玉村豊男さんが80歳で死去|死因は肝細胞がん

玉村豊男さんが亡くなったことは、2026年8月25日、玉村さんが代表取締役会長を務めていたヴィラデストワイナリーから発表されました。
亡くなったのは同年8月9日で、享年80歳。報道によると死因は肝細胞がんです。
玉村さんは約10年前にがんが判明し、その後も活動を続けていましたが、近年は仕事を減らしながら長野県東御市の自宅で療養していたと報じられています。

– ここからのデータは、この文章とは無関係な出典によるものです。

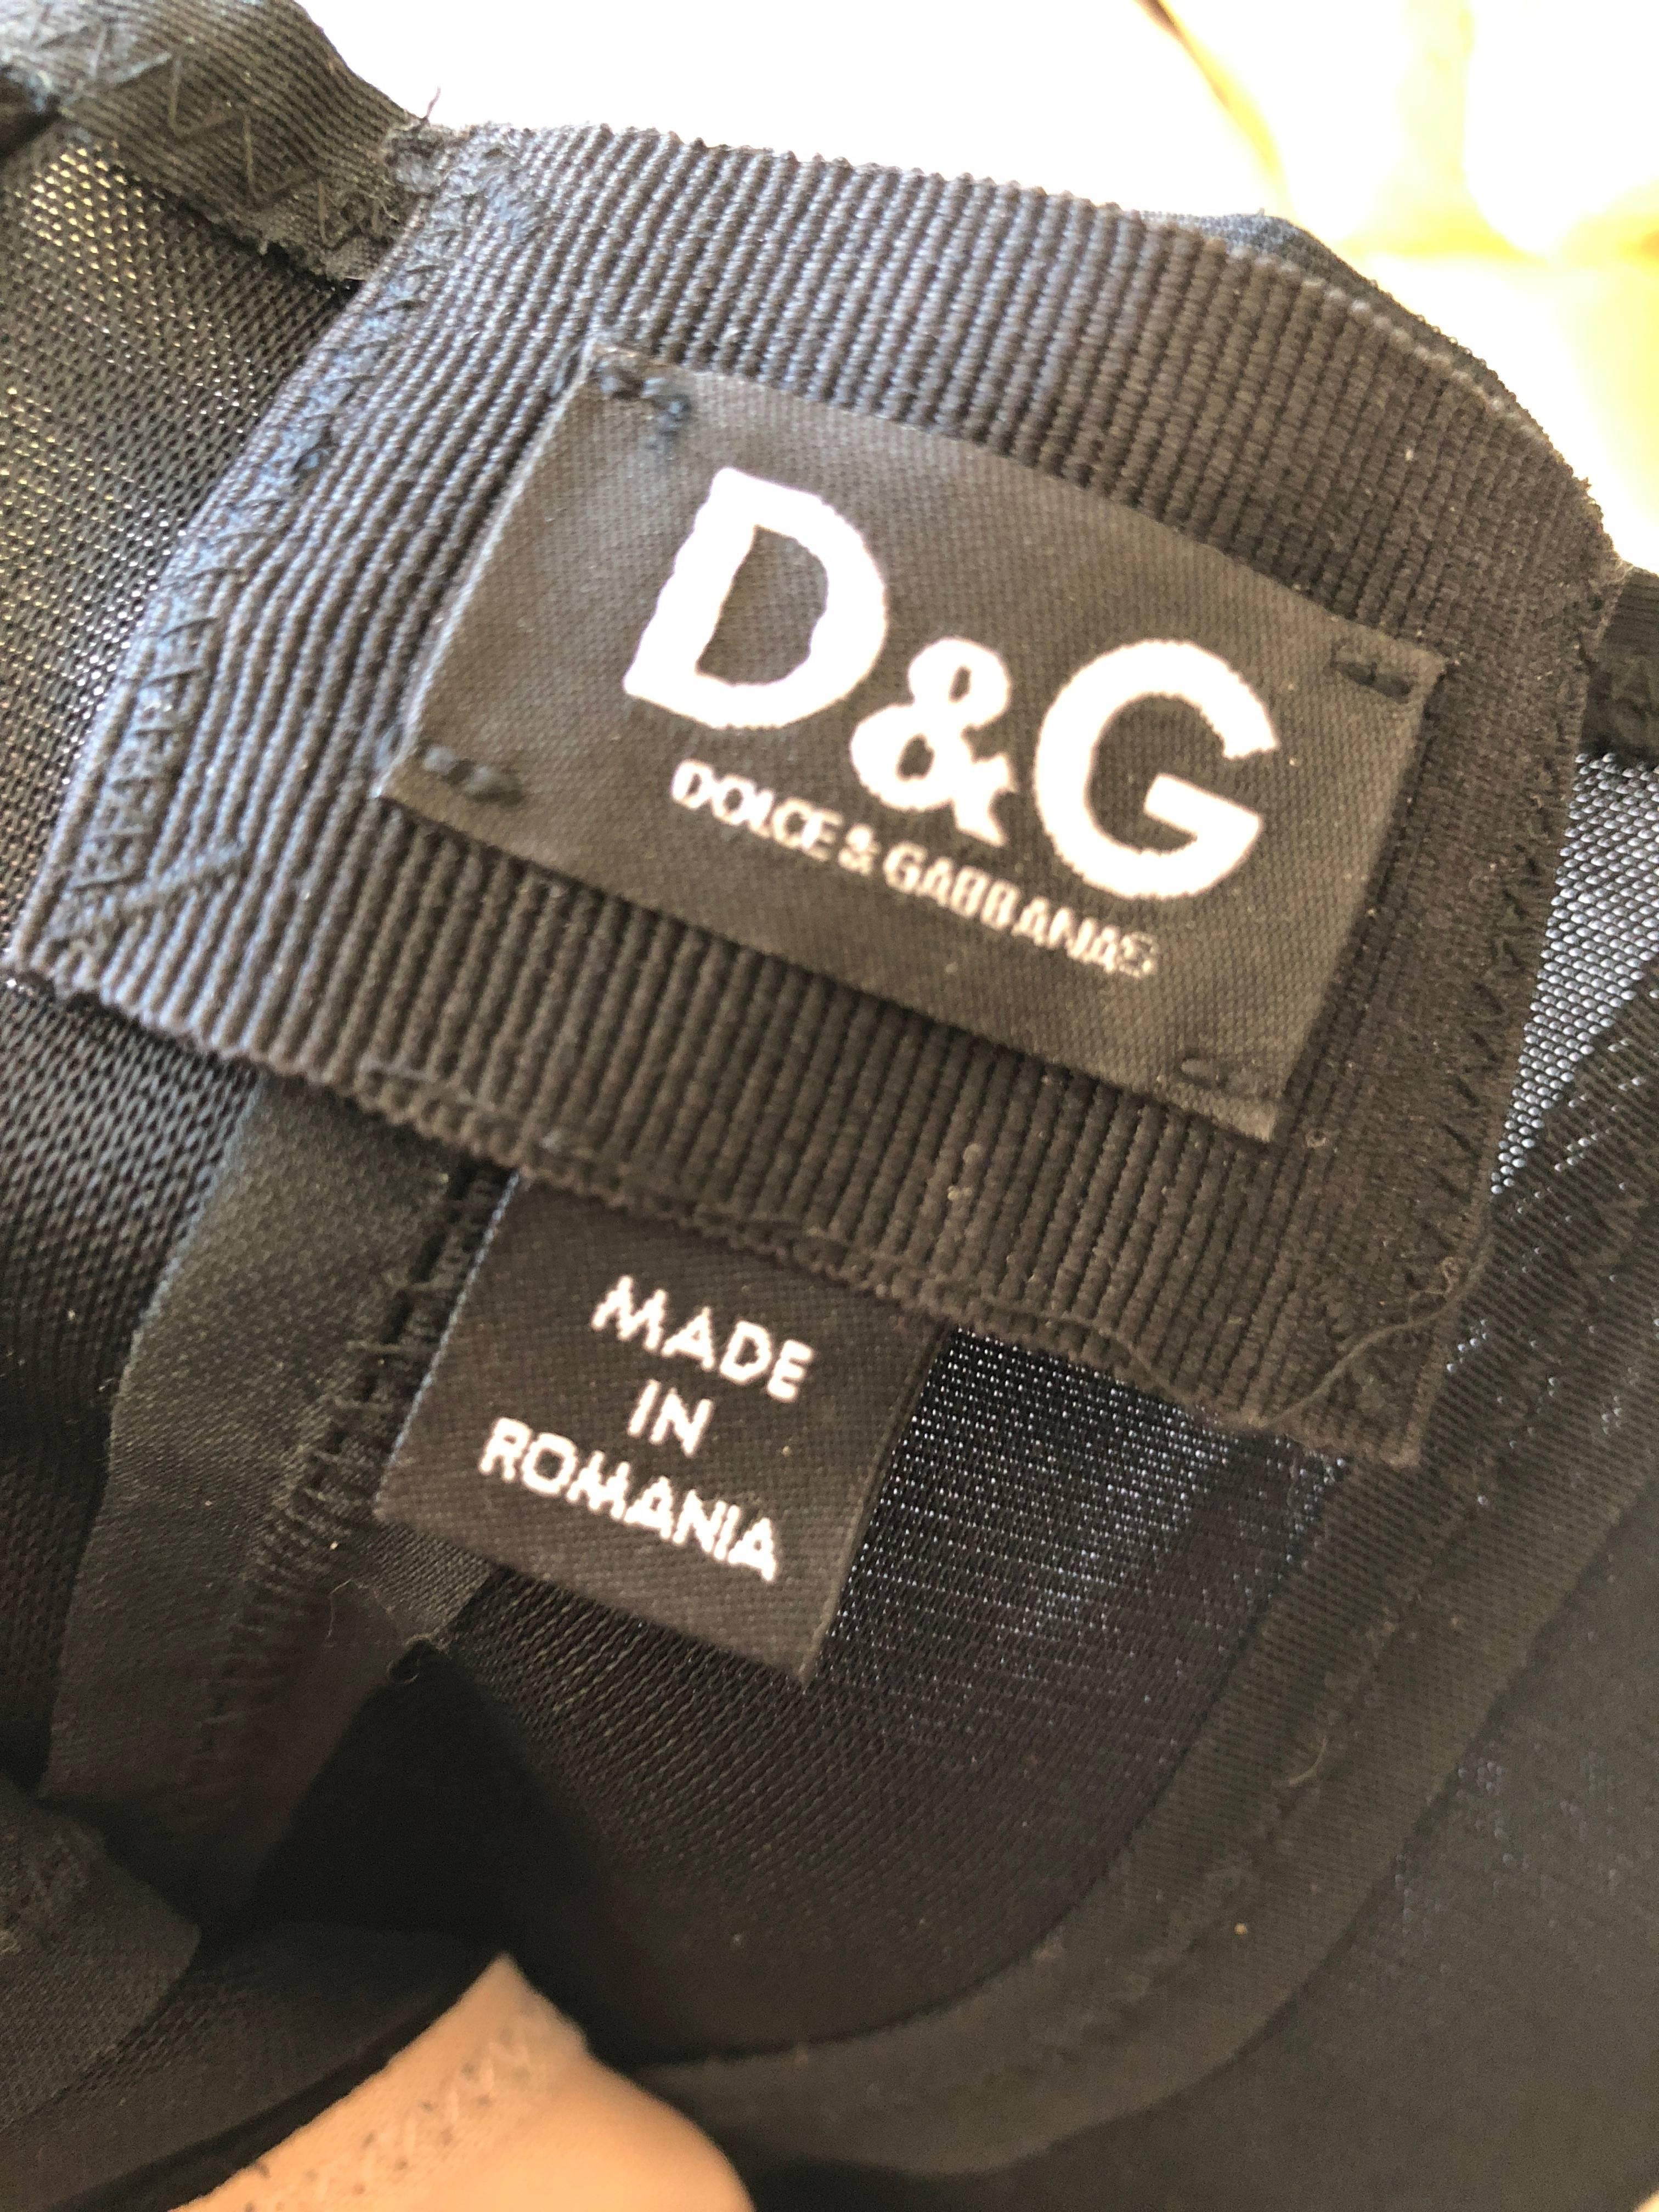   D&G by Dolce & Gabbana Super Sexy Black Net Vintage Strapless Cocktail Dress For Sale 2

葬儀はすでに身内だけで執り行われました。故人の遺志により香典や供花などは辞退するとしています。ヴィラデストワイナリー公式発表、長野放送
玉村さんは1945年10月8日、東京都杉並区に生まれました。
都立西高校を経て東京大学文学部仏文科へ進学し、在学中にはパリ大学言語学研究所へ2年間留学しています。
大学卒業後は通訳や翻訳の仕事を経験し、1972年ごろから文筆活動を始めました。ヴィラデストワイナリー公式プロフィール
玉村豊男さんの妻は抄恵子さん|夫婦で築いた信州での暮らし
玉村豊男さんの妻は、抄恵子さんです。
夫妻は1983年に東京から長野県軽井沢町へ移住し、8年間生活しました。
その後、玉村さんの療養をきっかけに今後の生き方を見つめ直し、1991年に現在の長野県東御市へ移っています。
移住先として選んだ土地は、千曲川や北アルプスを望む丘陵地でした。玉村さん夫妻は荒れていた土地を開墾し、西洋野菜やハーブ、ブドウなどを育てる農園を始めます。
玉村さんが構想を描き、抄恵子さんがその挑戦を身近で支える形で、農園はやがてワイナリーやレストランを備えた「ヴィラデスト」へと発展しました。
抄恵子さんは単に夫を支えた存在というだけでなく、玉村さんと一緒に信州での新しい暮らしを築き上げたパートナーだったといえるでしょう。NAGANO WINE公式サイト
なお、玉村豊男さんに子供がいるかどうかについて、公式プロフィールや今回の訃報では明らかにされていません。「子供はいない」と断定できる公的な資料も確認できないため、非公表とするのが適切です。
父親は日本画家・玉村方久斗
玉村豊男さんの父親は、日本画家として活動した玉村方久斗(たまむら・ほくと)さんです。
玉村さんは方久斗さんの末子として生まれました。
若いころから絵に親しんでいましたが、長く中断した後、病気を経験したことをきっかけに1987年ごろから本格的に絵画制作を再開しています。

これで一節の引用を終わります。